GIVEN DATA section start

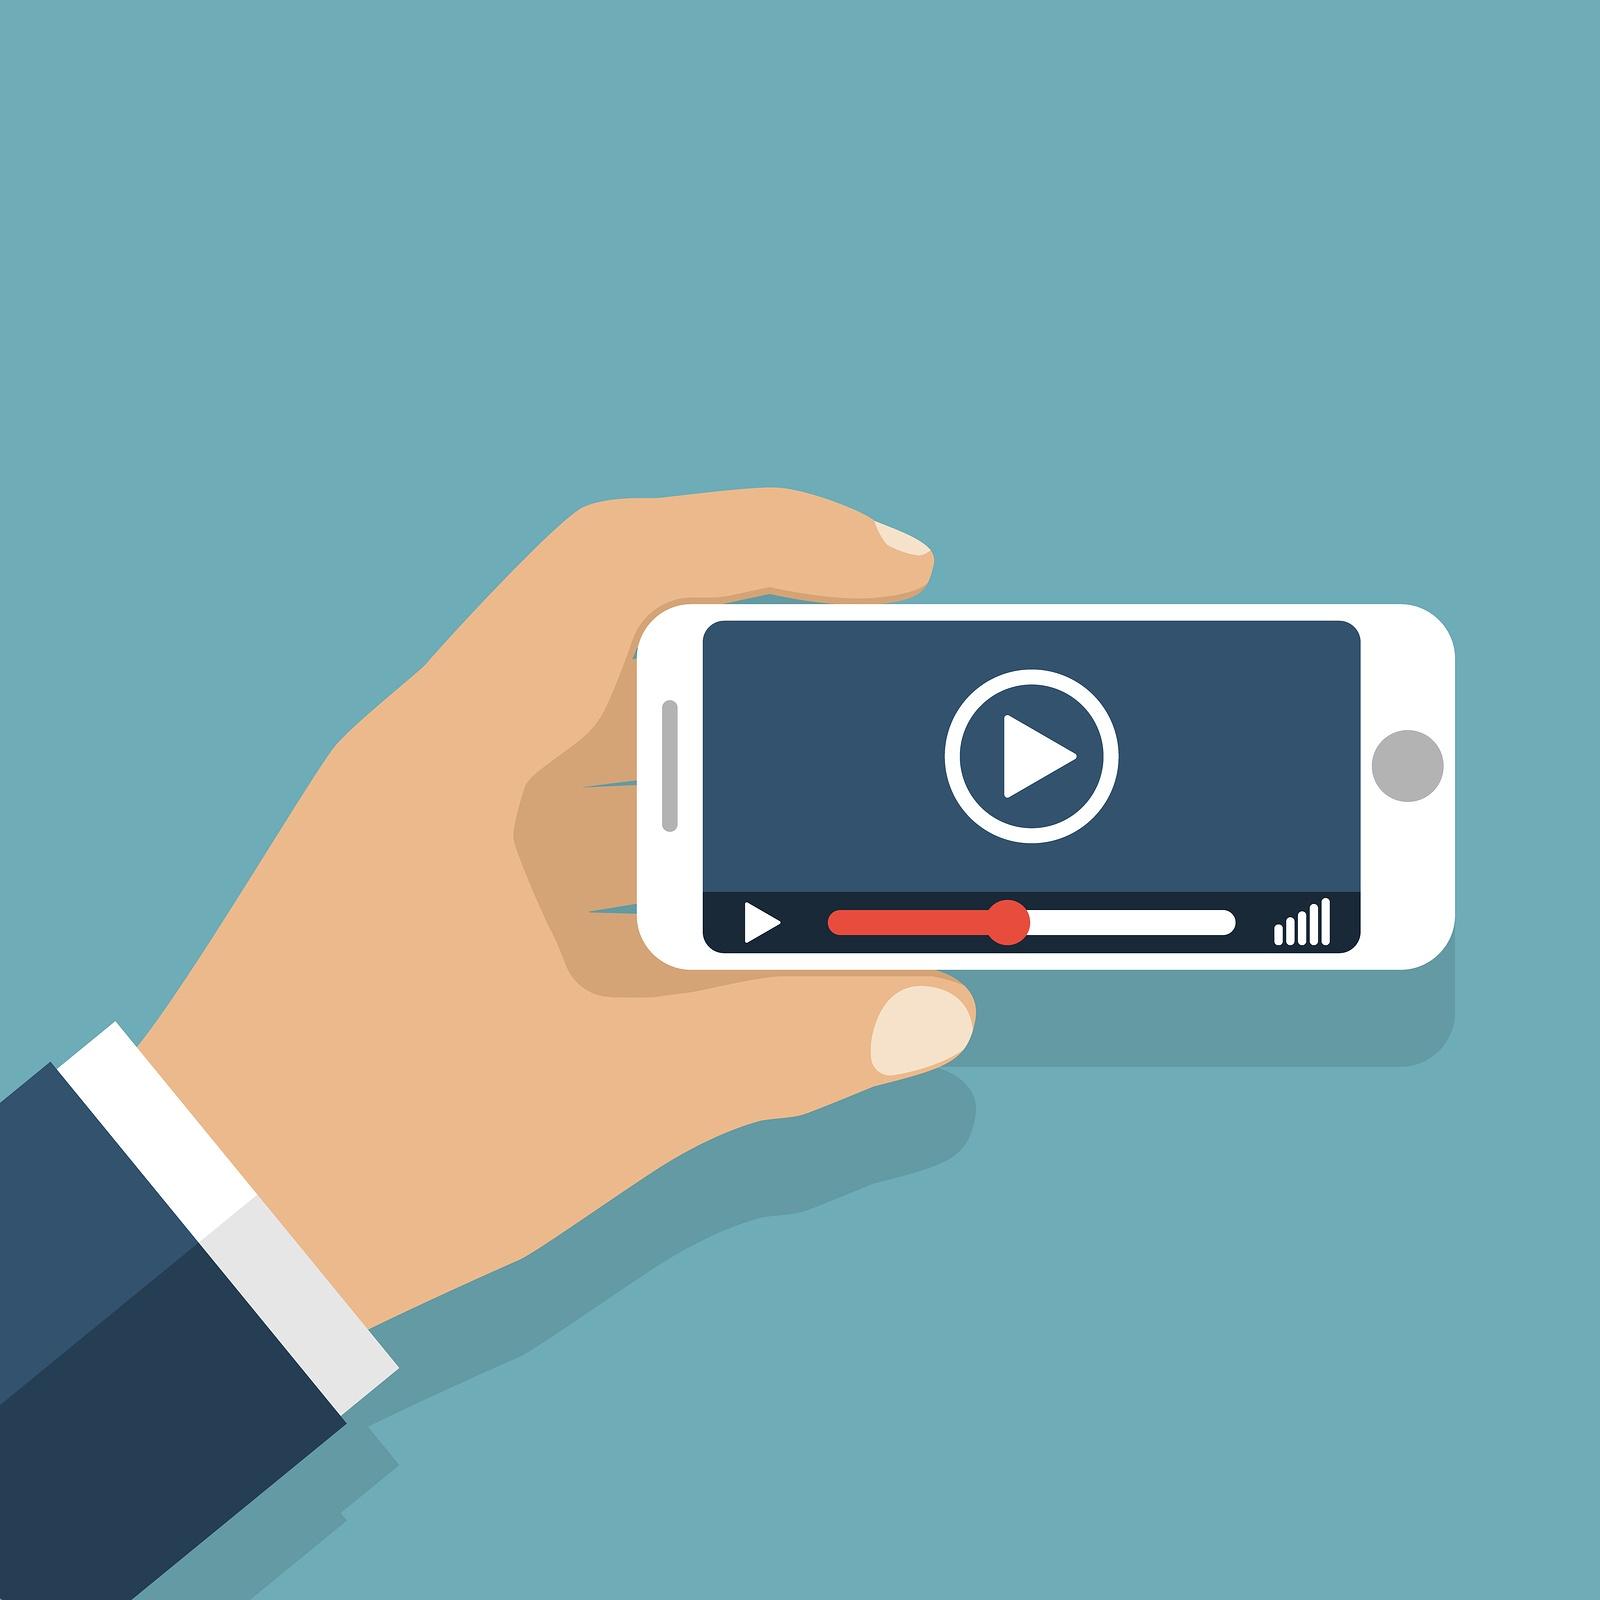 bigstock-Hand-Holds-Smartphone-Video-P-120737783.jpg
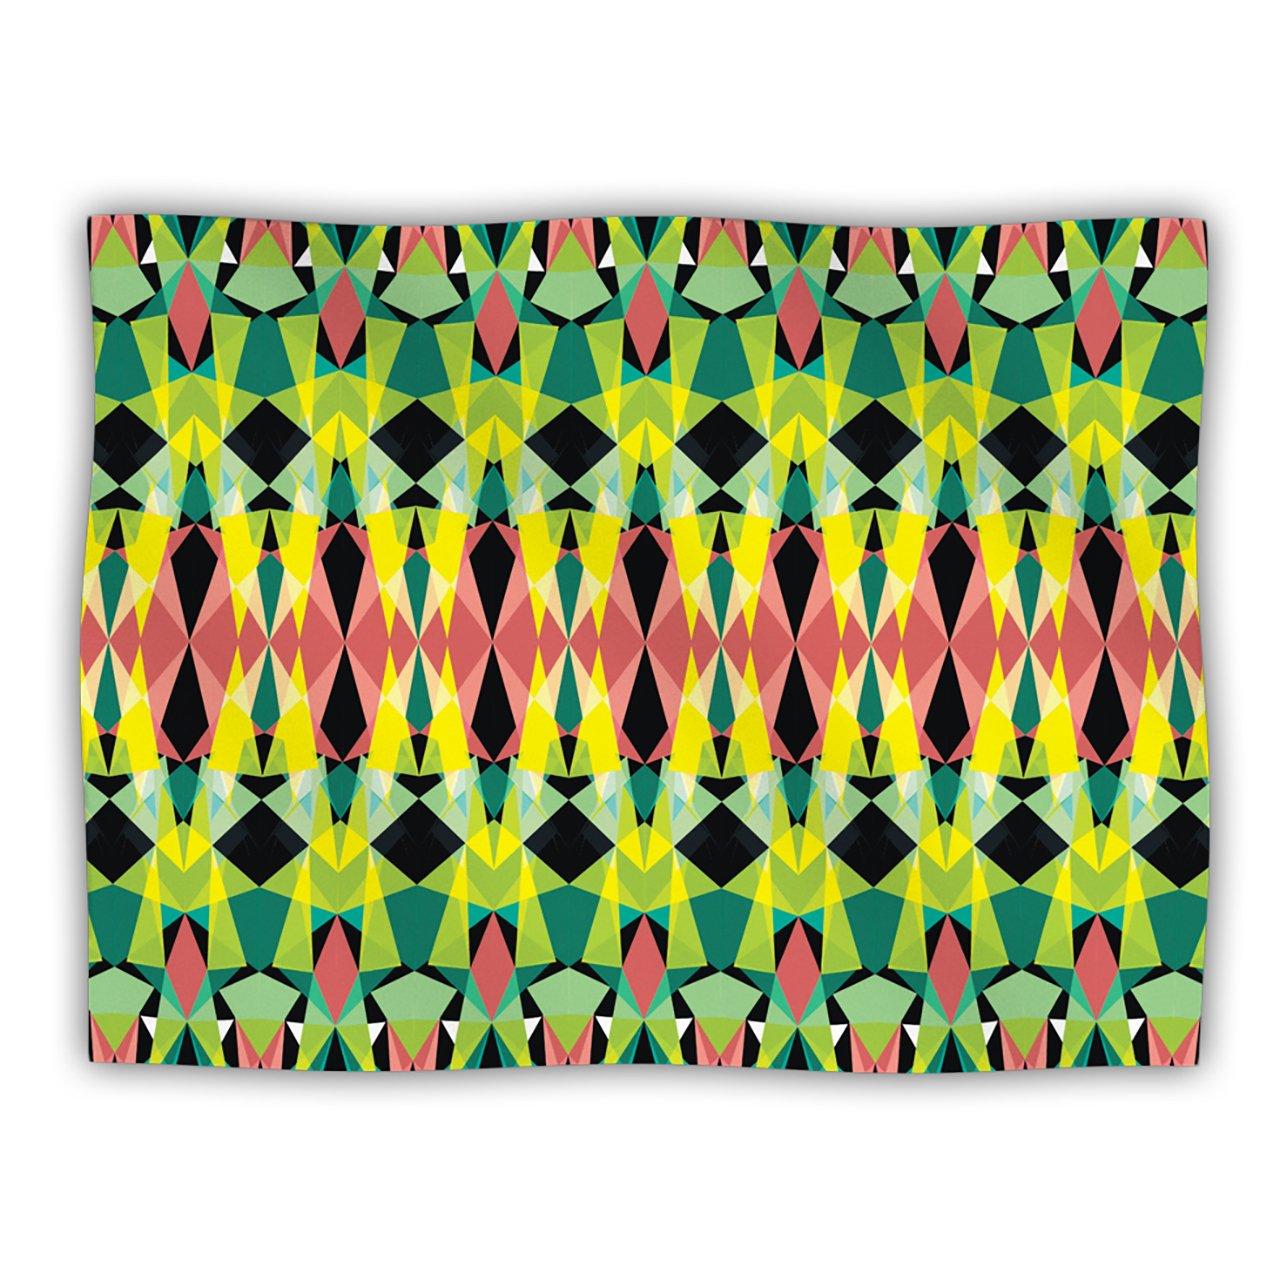 Kess InHouse Akwaflorell T-Vision Dog Blanket, 60 by 50-Inch
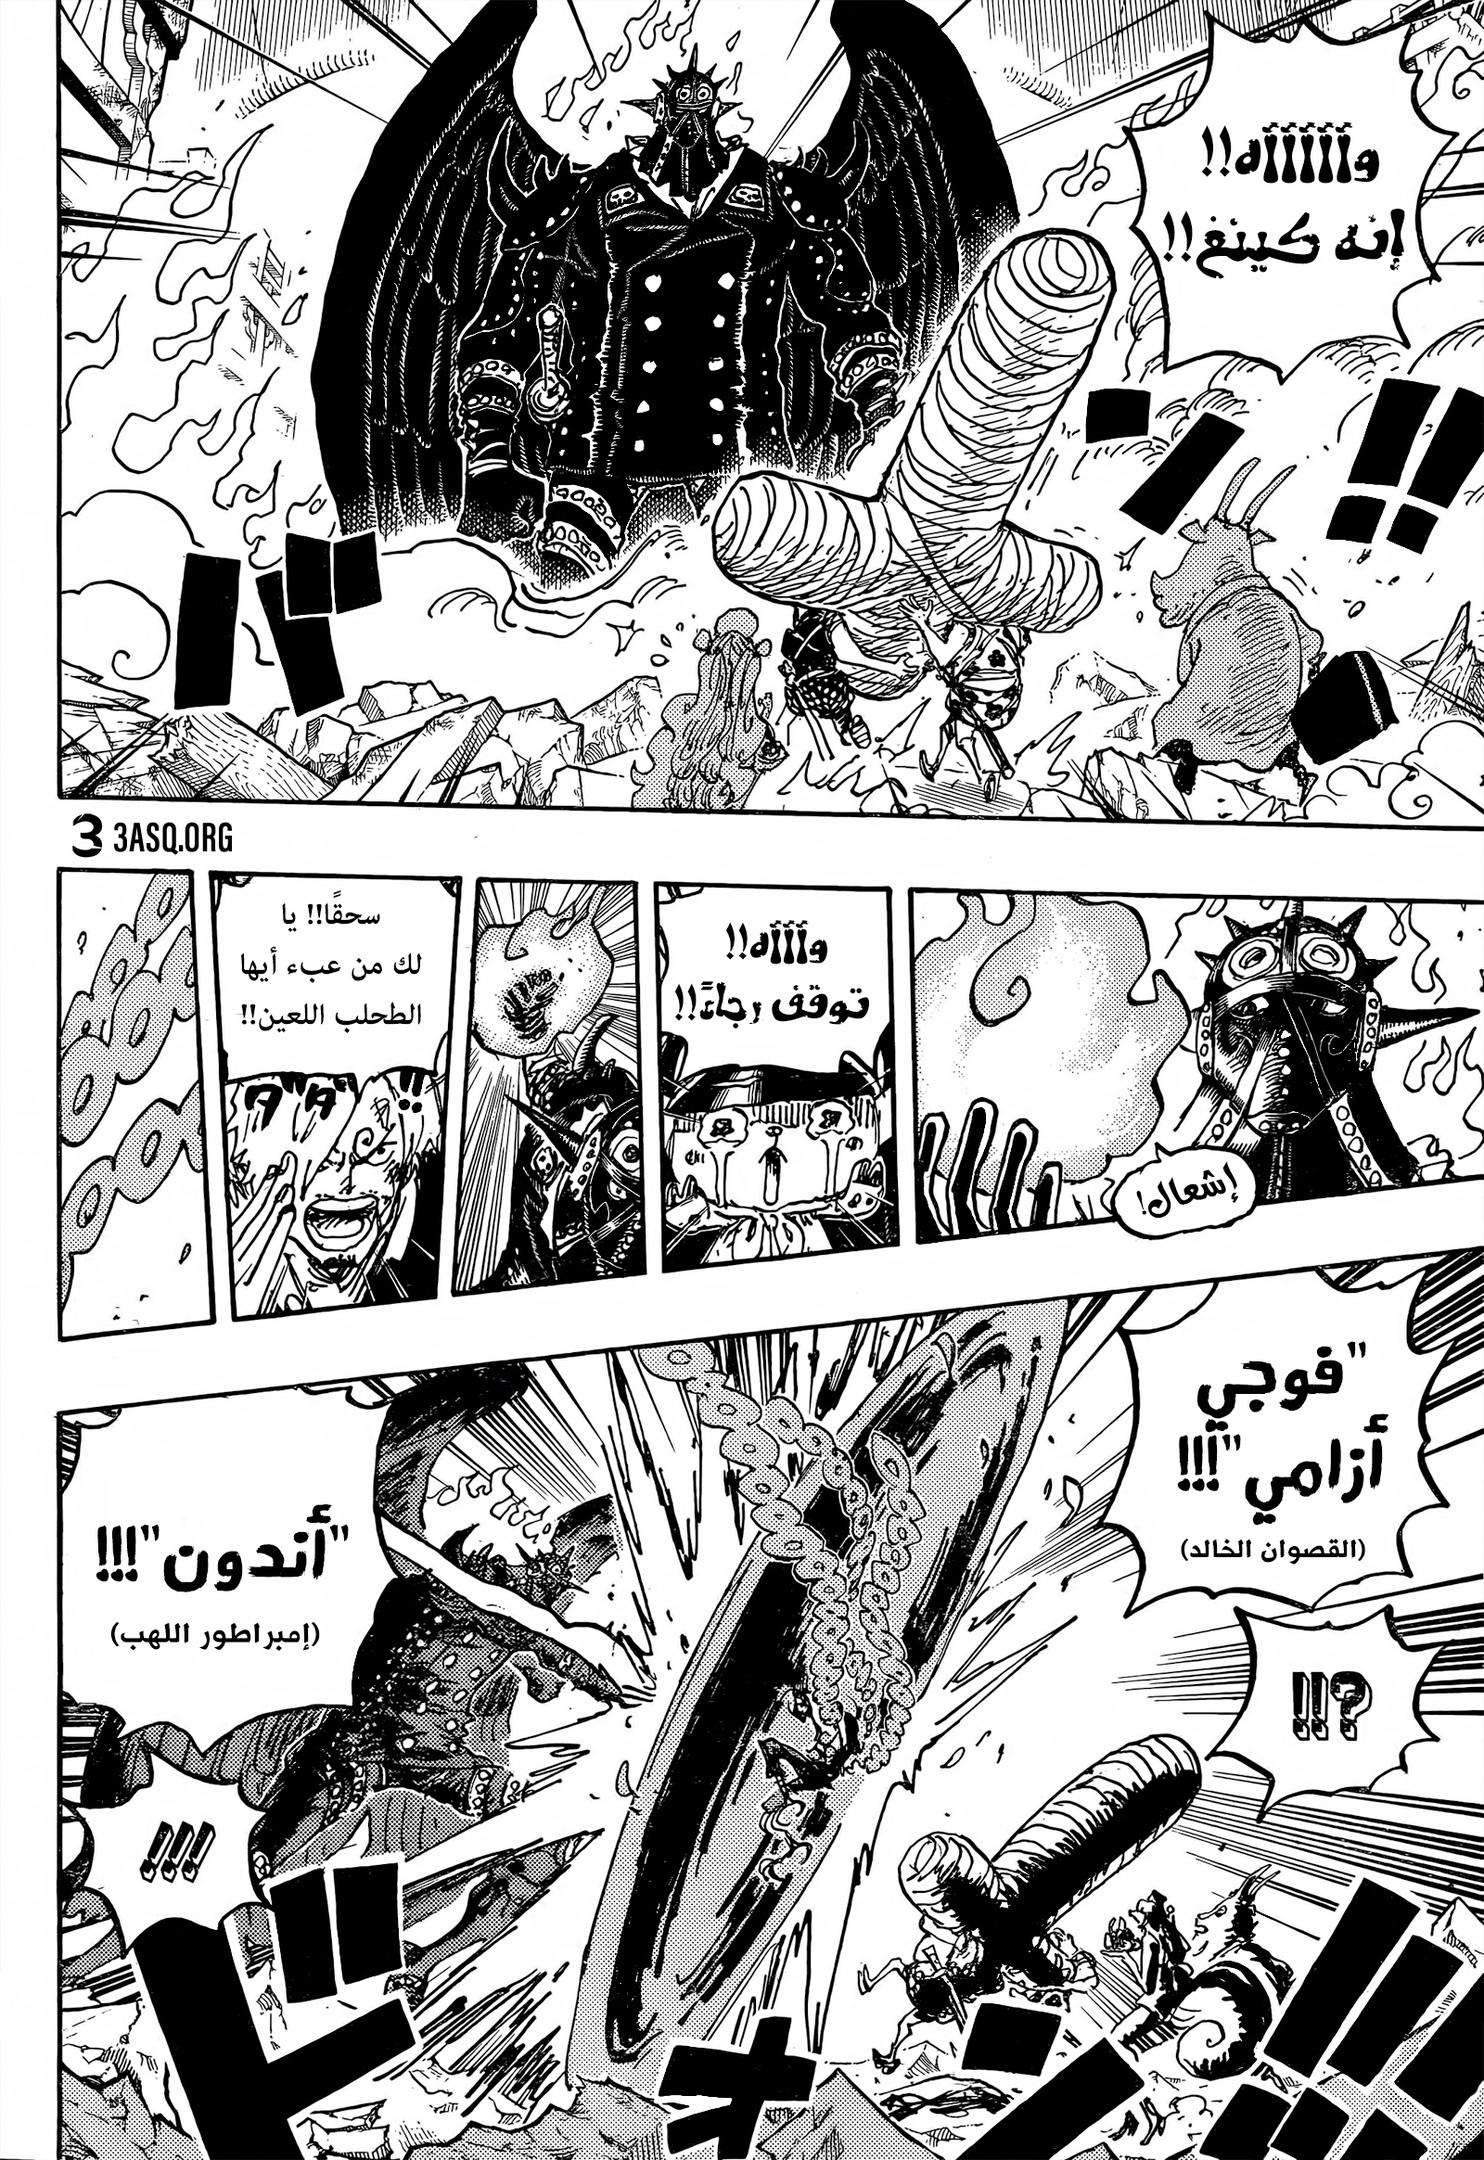 One Piece Arab 1022, image №14

GIVEN DATA section end

#### YOUR ASSIGNMENT
What the answer must hold is the exact text of every line from the one containing "Kess InHouse Akwaflorell" through the end of the data, minus any pictures.

#### TASK SOLUTION
 Kess InHouse Akwaflorell T-Vision Dog Blanket, 60 by 50-Inch
 One Piece Arab 1022, image №14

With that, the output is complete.